Counsel's concern was, in my opinion, misplaced. As the prosecutor submitted below, it would have been open to defence counsel (if he had appropriate instructions) to confine the complainant's attention to the first three months of 1996 or the period after the termination of her pregnancy at the end of 1995, and to ask her whether, during that time, the applicant slapped her and that was followed by consensual sex. If she had given a non-responsive answer of a sufficiently prejudicial character, he could have applied for a discharge of the jury. It must nevertheless be accepted that counsel, in good faith and in the exercise of his forensic judgment, did not think it wise to go further than he did in his cross-examination of the complainant. It should also be mentioned that he protested vigorously against what he said was the unfairness of suggesting recent invention when, as he said, the prosecutor knew that his hands were tied because the only material available to rebut the suggestion included an allegation that there had been earlier occasions of forced, non-consensual sex.

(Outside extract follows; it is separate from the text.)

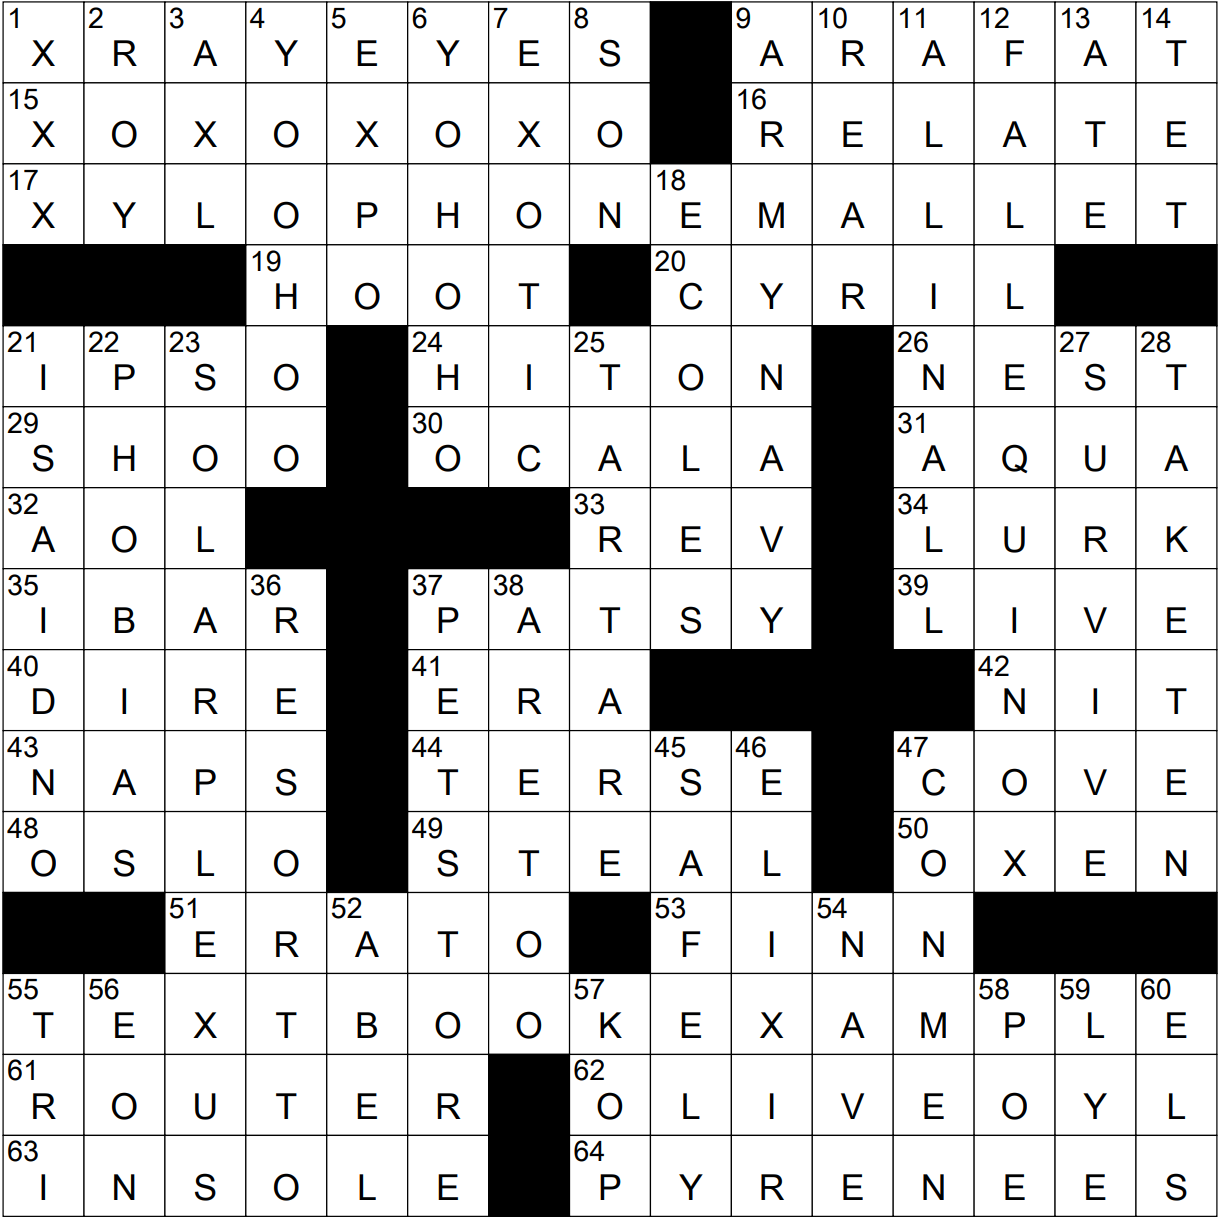 Solve the crossword
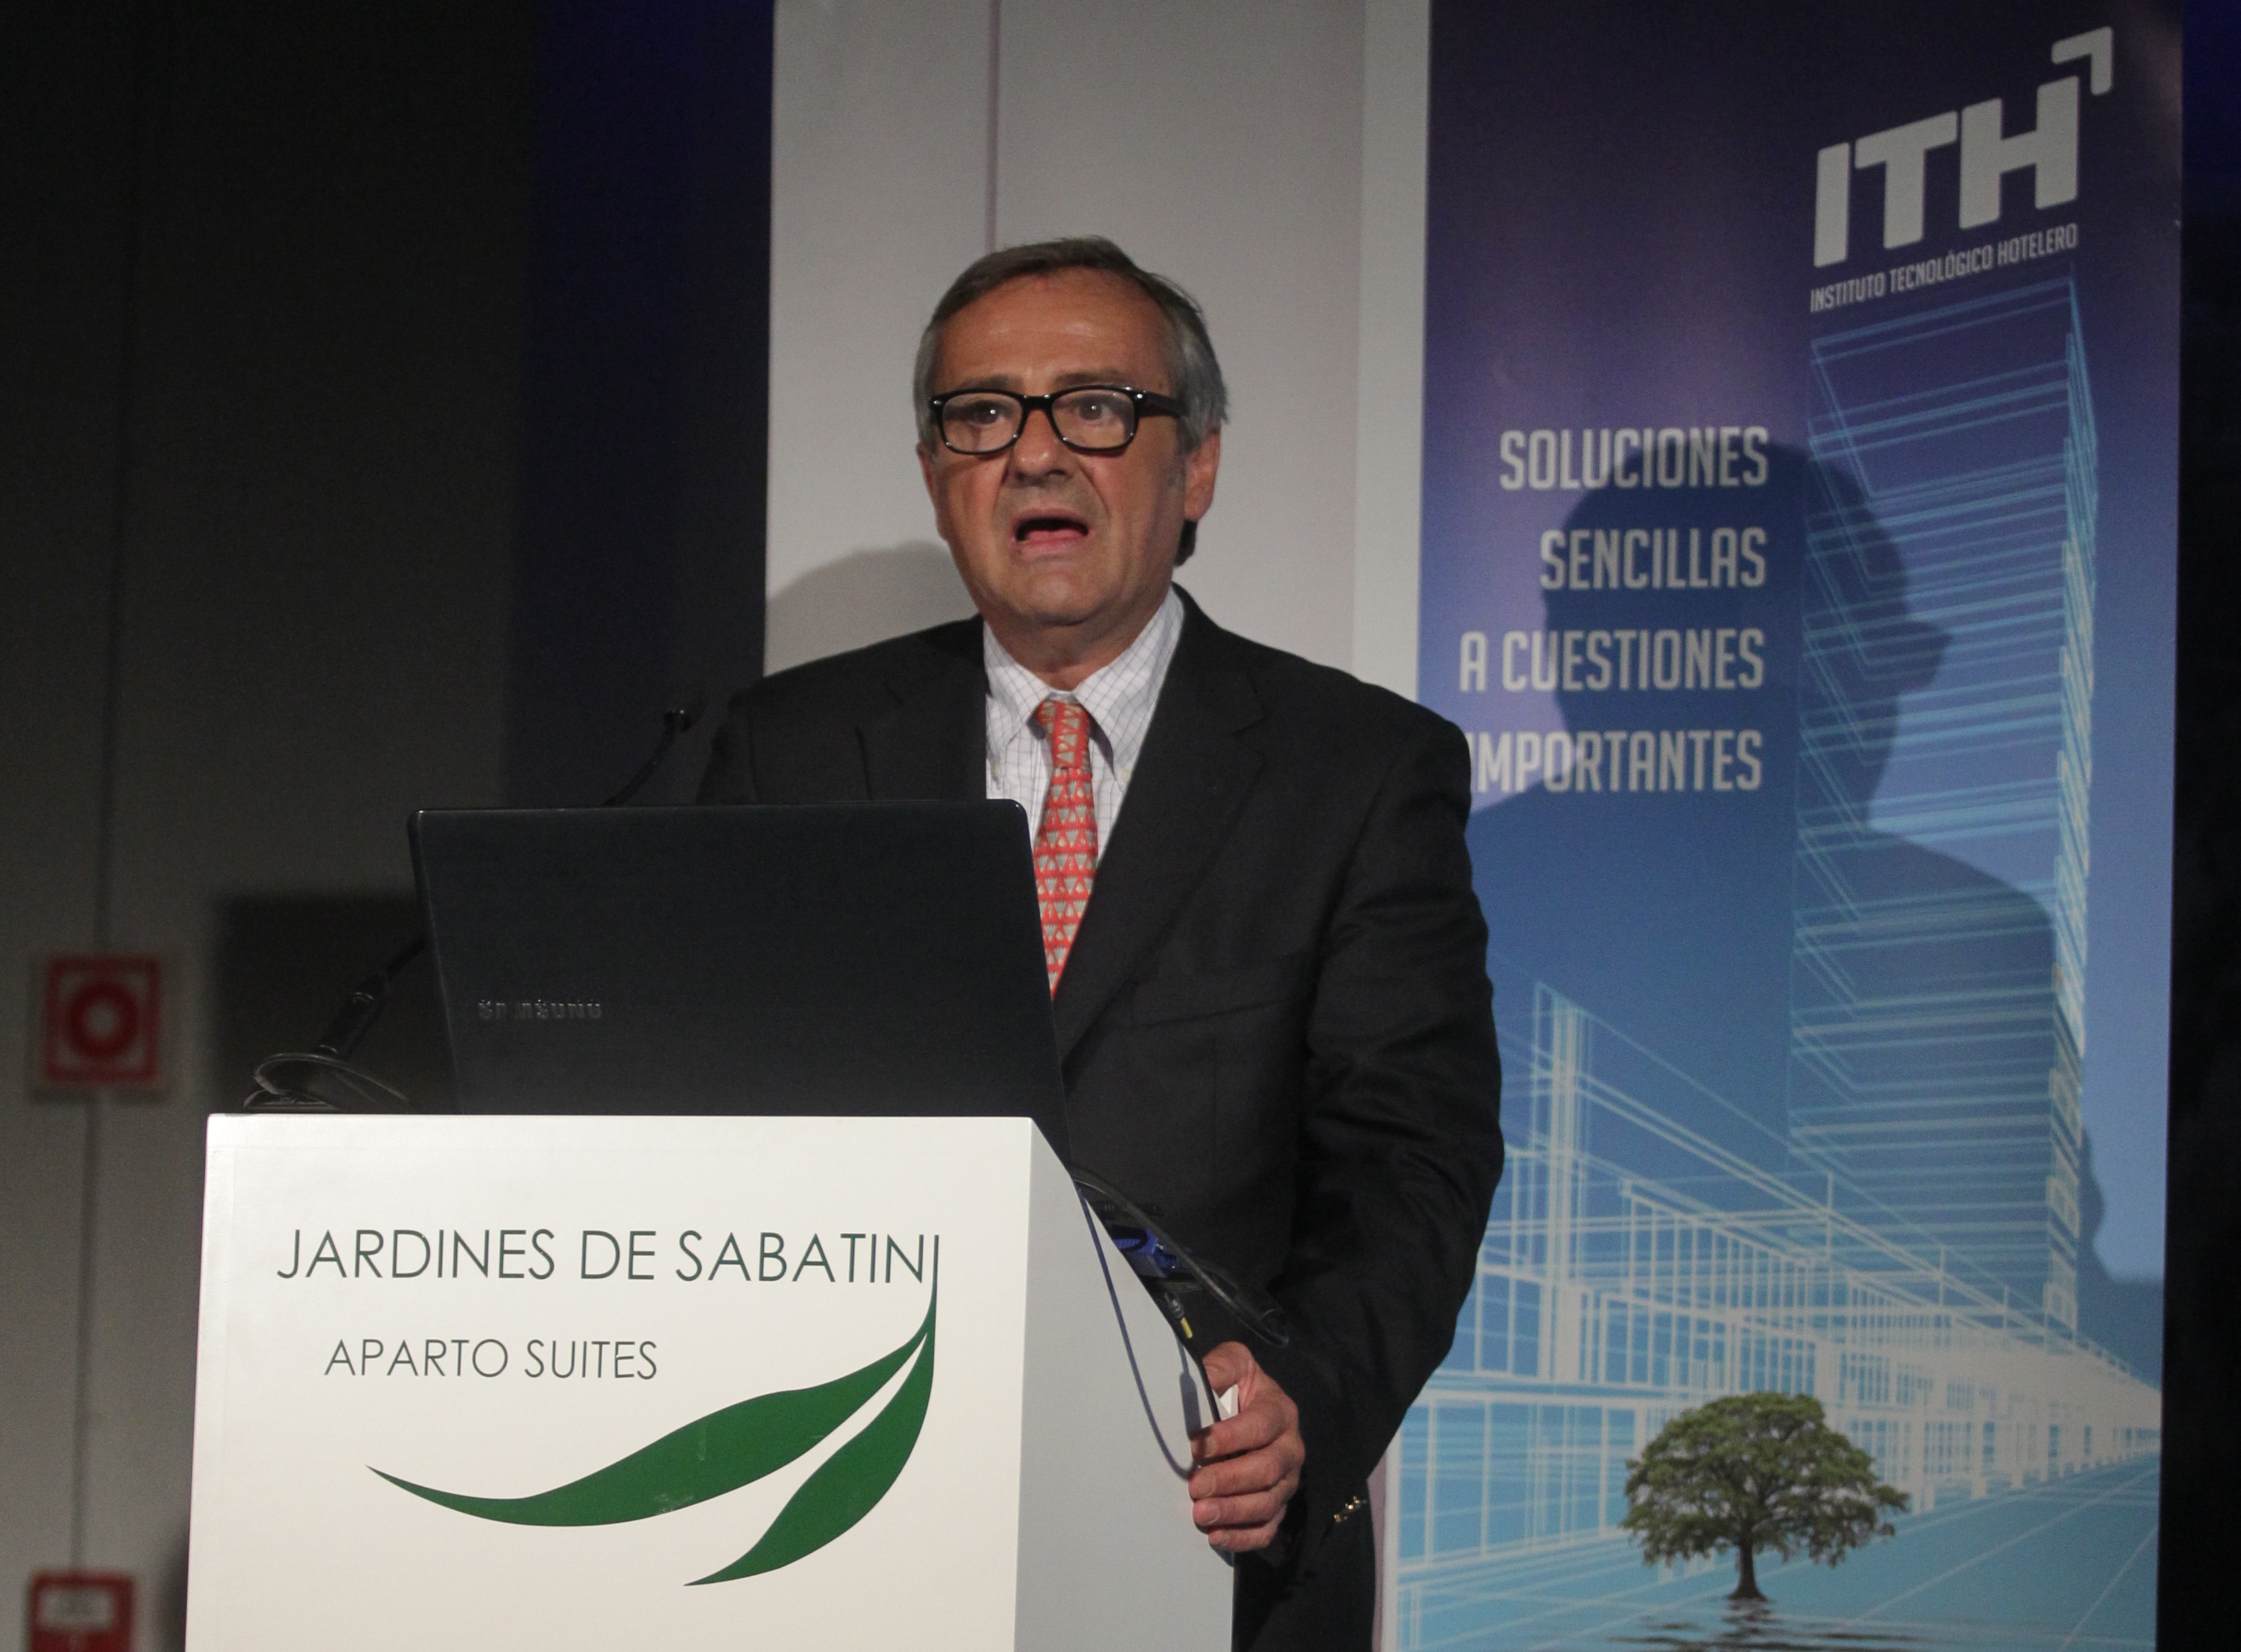 Joaquín del Castillo, director general de Turismo de la Comunidad de Madrid, recordó los lazos que unen a ITH a esta región, desde sus orígenes.

In the course of the argument I was attracted to the submission that the learned judge had erred by encouraging the jury to think that the reason the allegation had not been put to the complainant was that it had been invented by the applicant after she had given her evidence when her Honour knew that there was a different, and completely innocent, explanation. On reflection, however, I do not think that the submission should be accepted. The assertion that was said to be a recent invention was that there had been a previous incident of violence, followed by consensual sex, in 1996. There is no reason to think that counsel had instructions that would have enabled him to ask the complainant about a previous incident of violence of the kind described by the applicant in his evidence. The latest incident referred to at the committal was said to have occurred in about June 1995. Moreover it appears to have been followed, according to the complainant, by non-consensual sex. The jury were entitled to conclude that the reason the alleged incident in 1996 had not been put to the complainant was that counsel had no instructions in relation to that incident and that the reason for that was that the applicant had made it up in the witness box. In those circumstances I do not think that the impugned direction caused the trial to miscarry. There is no occasion to consider the proviso.
For these reasons I would dismiss the application.